═══ Material to process ═══
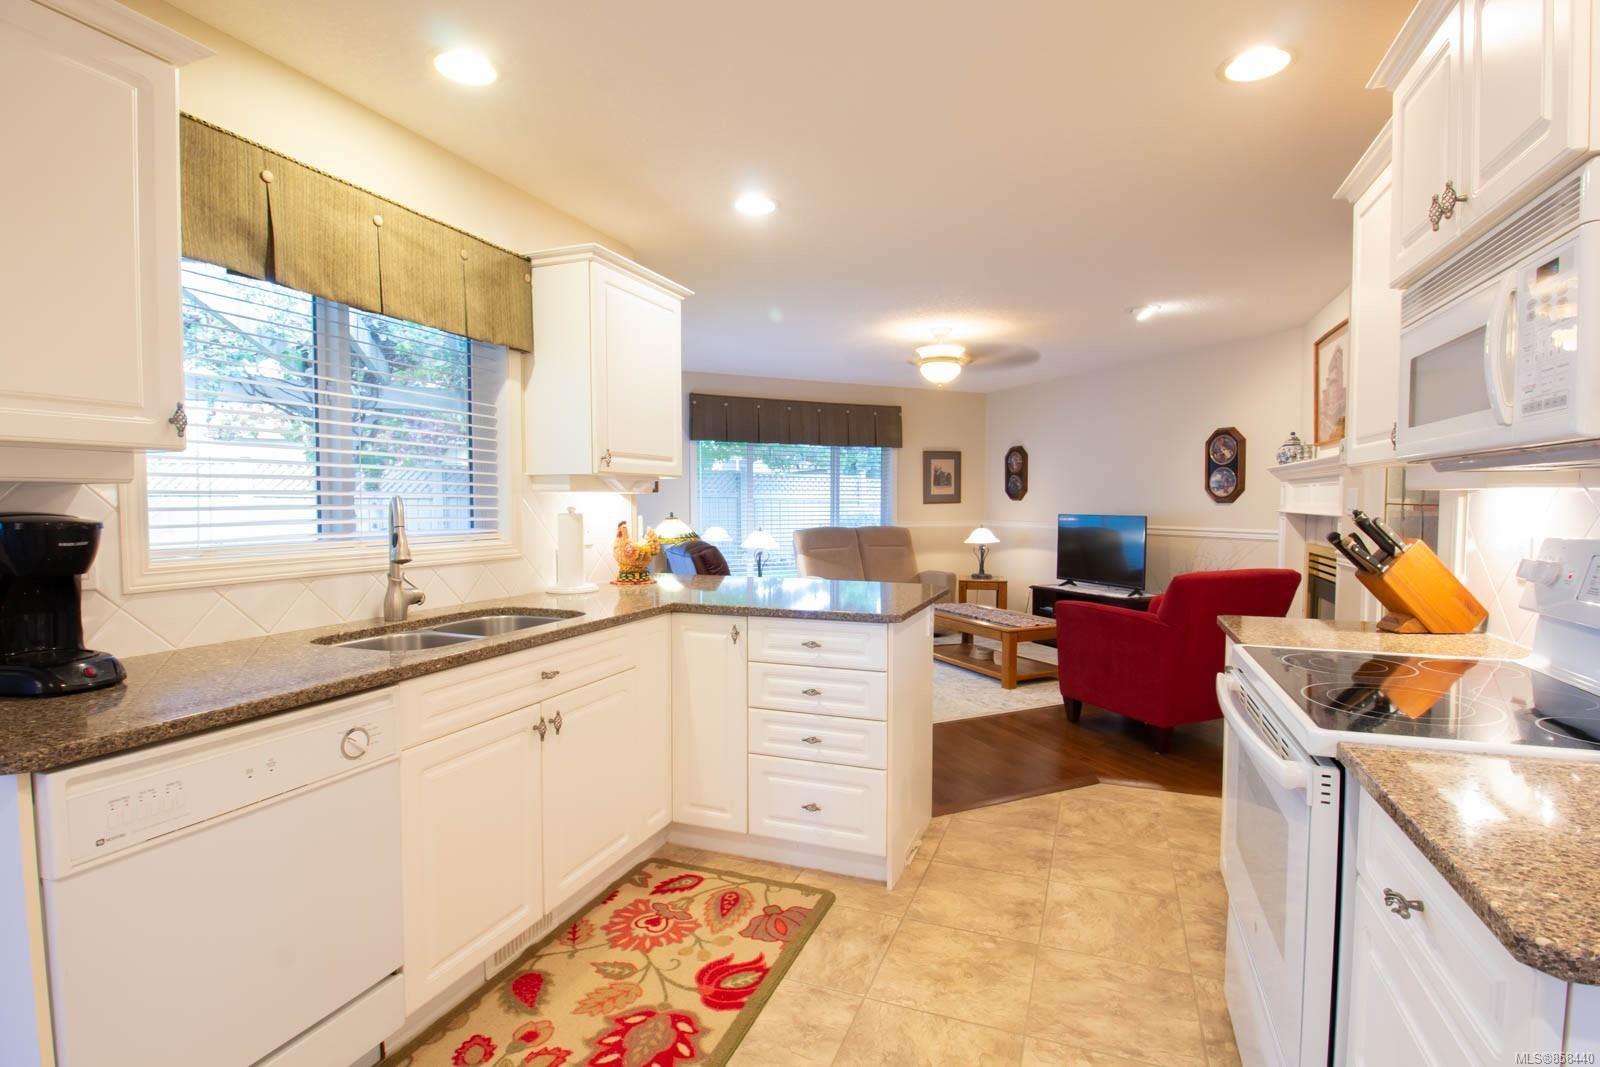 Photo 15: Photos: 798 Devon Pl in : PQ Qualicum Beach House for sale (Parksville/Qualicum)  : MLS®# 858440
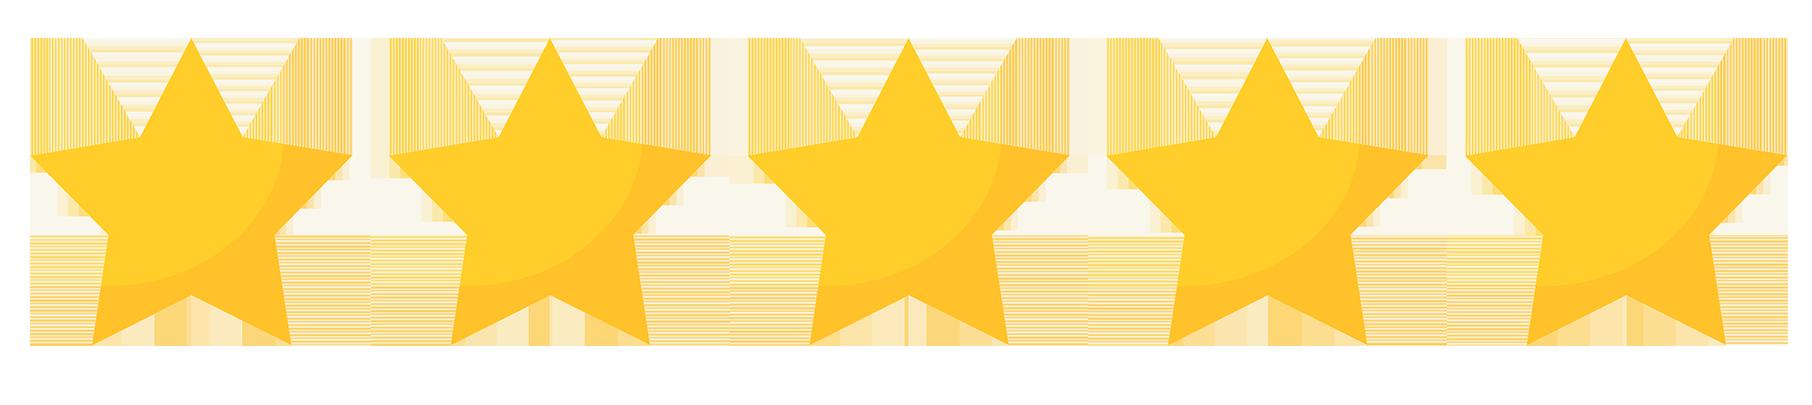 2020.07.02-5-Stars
═══
═══ Material to process ═══
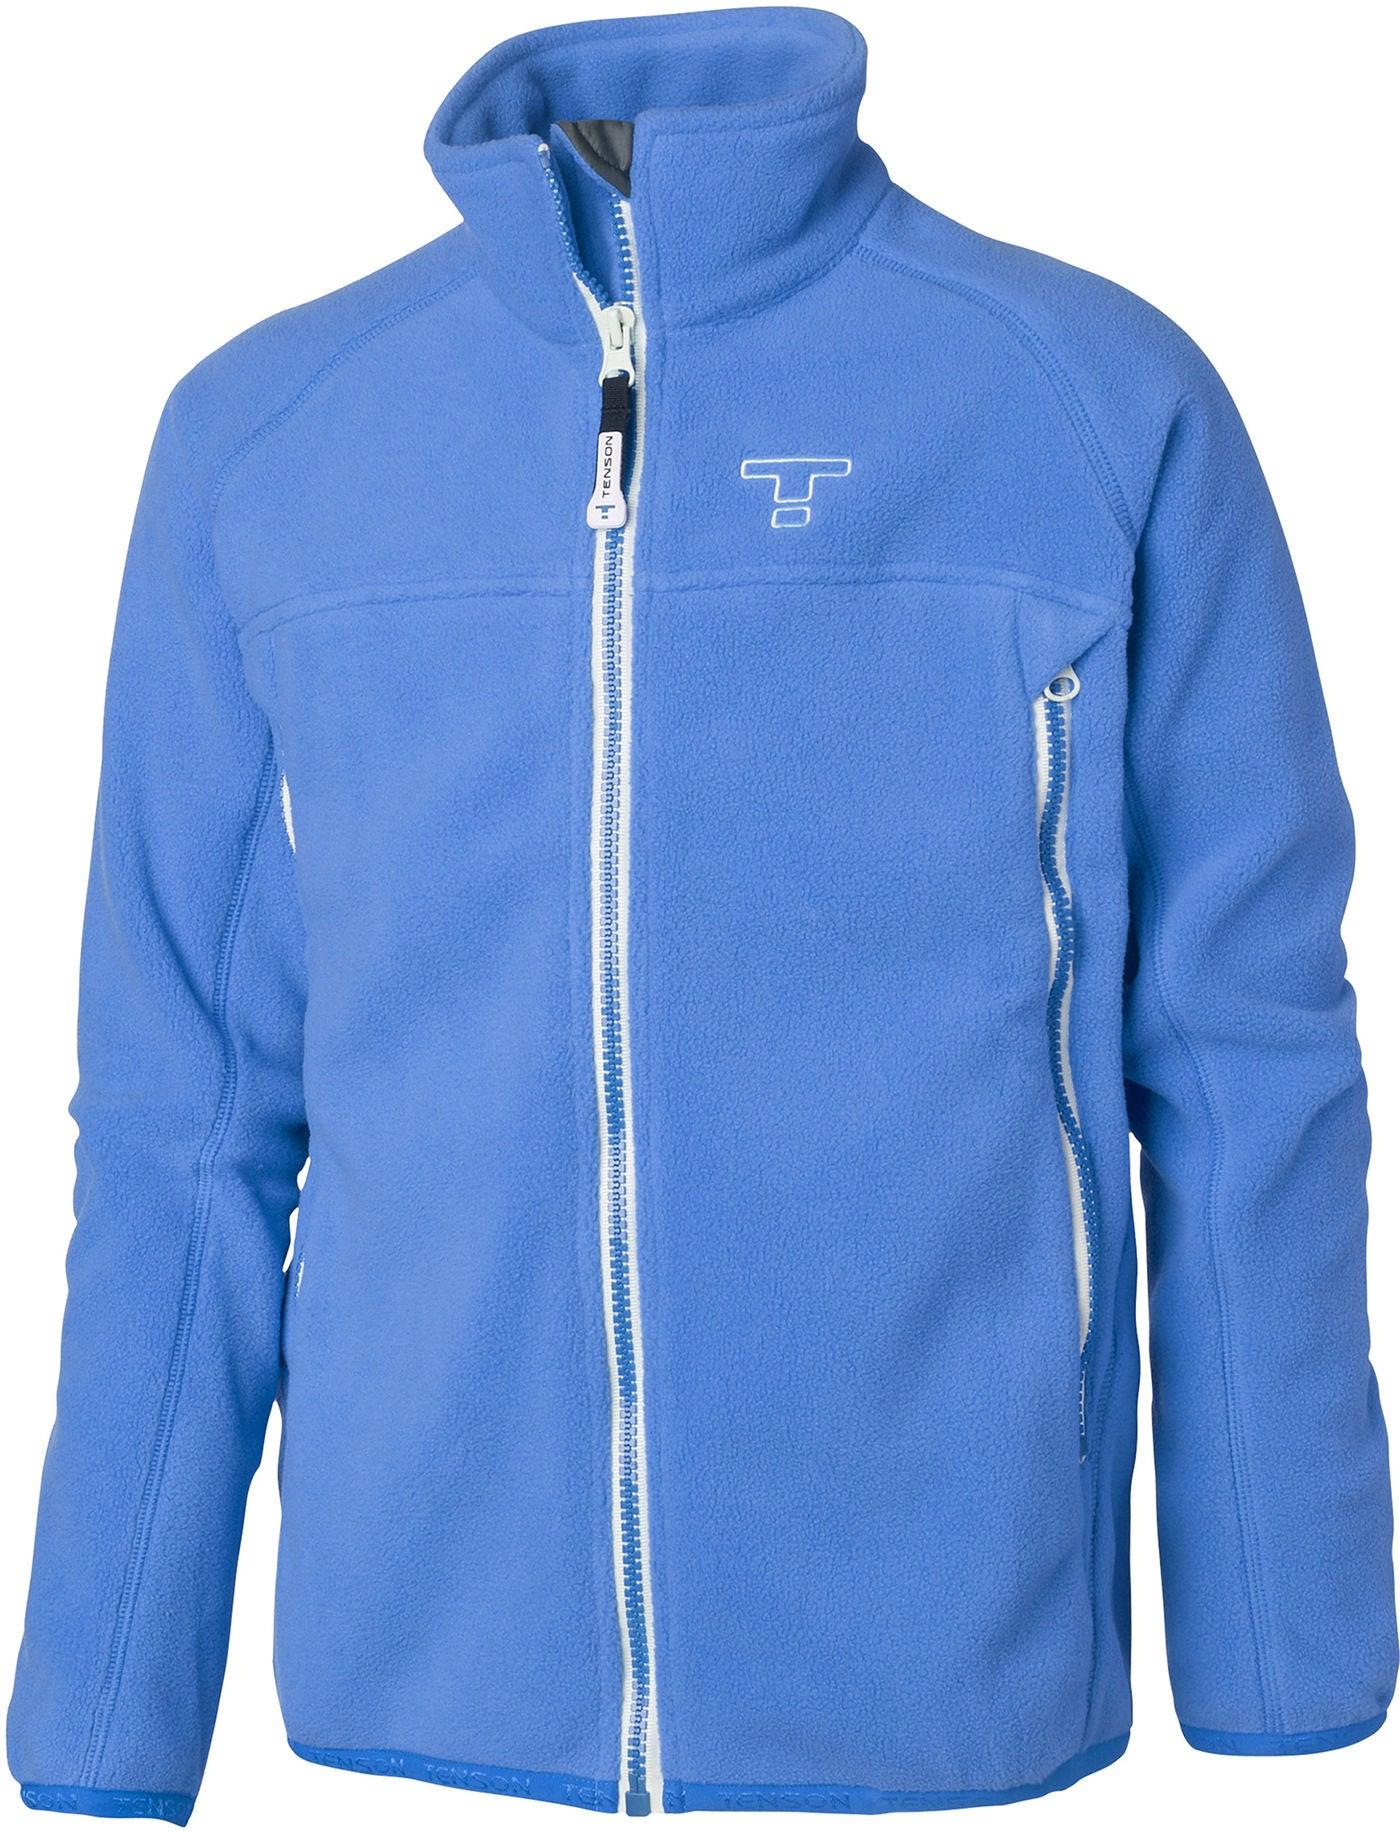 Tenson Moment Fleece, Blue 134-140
═══
═══ Material to process ═══
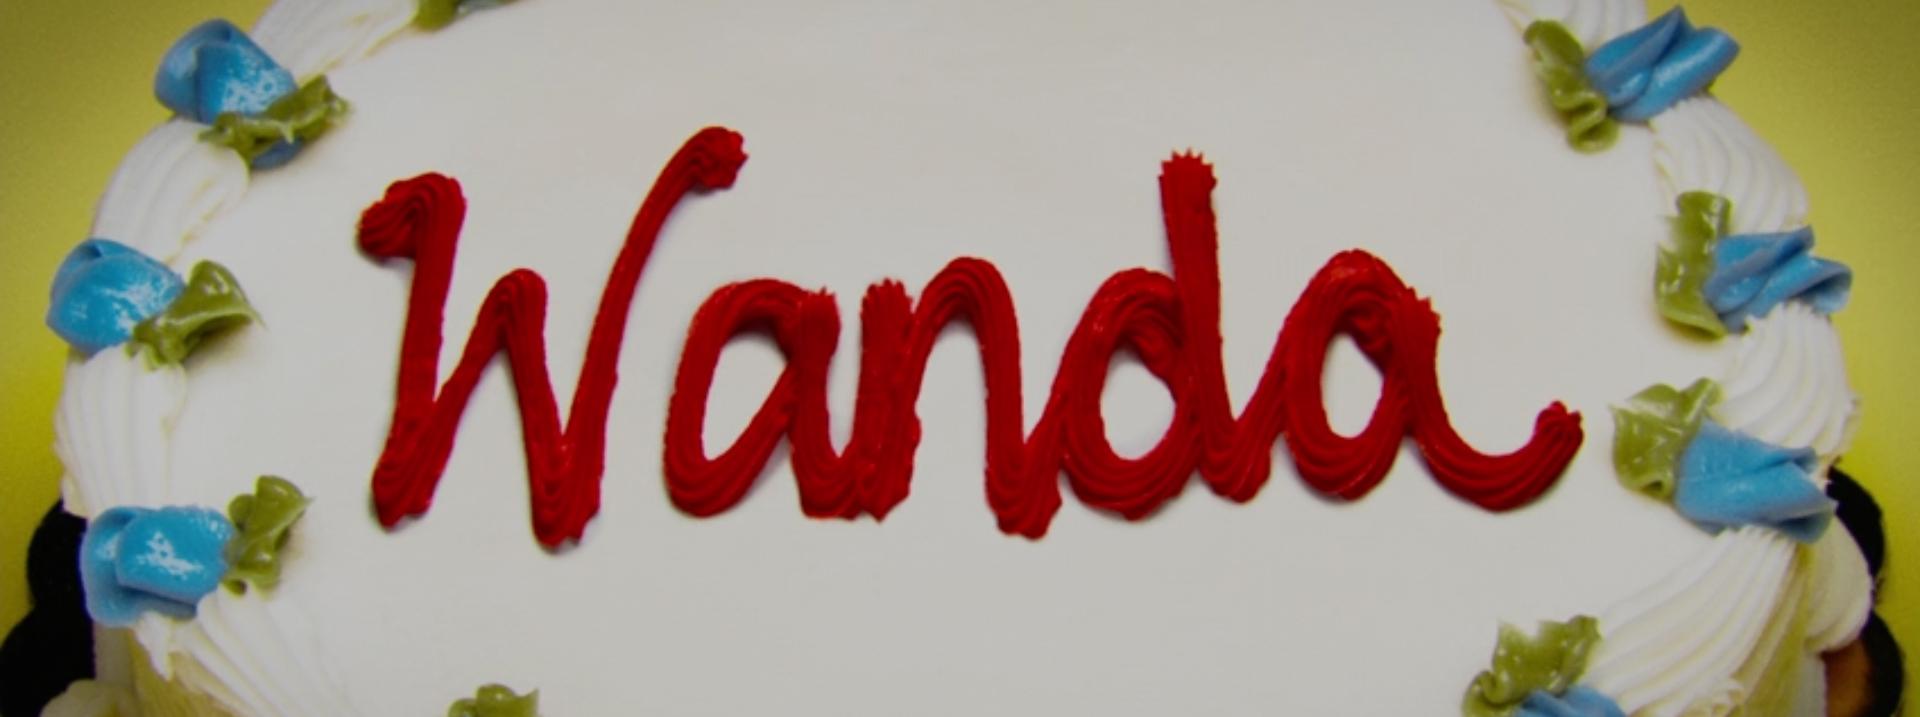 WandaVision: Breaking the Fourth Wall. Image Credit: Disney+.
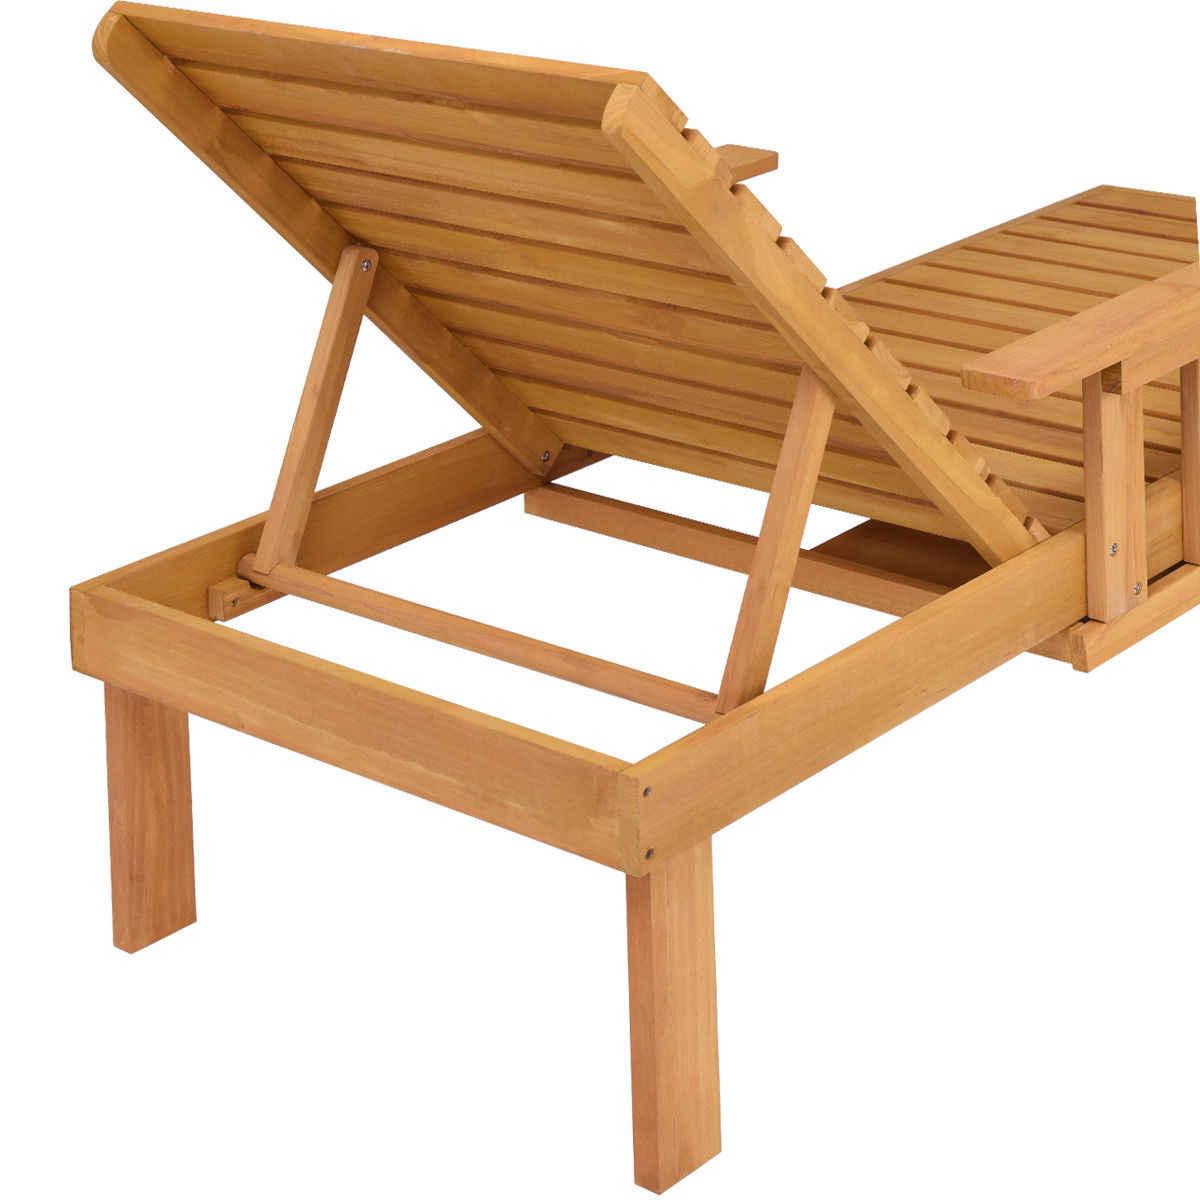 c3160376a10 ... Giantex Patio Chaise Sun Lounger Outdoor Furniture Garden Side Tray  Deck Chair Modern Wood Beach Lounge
═══
### To do
Look above and copy only the lines from the one holding "Photo 15: Photos: 798" to the one holding "2020.07.02-5-Stars", both included, exactly, minus the pictures.

### Response
 Photo 15: Photos: 798 Devon Pl in : PQ Qualicum Beach House for sale (Parksville/Qualicum)  : MLS®# 858440
 2020.07.02-5-Stars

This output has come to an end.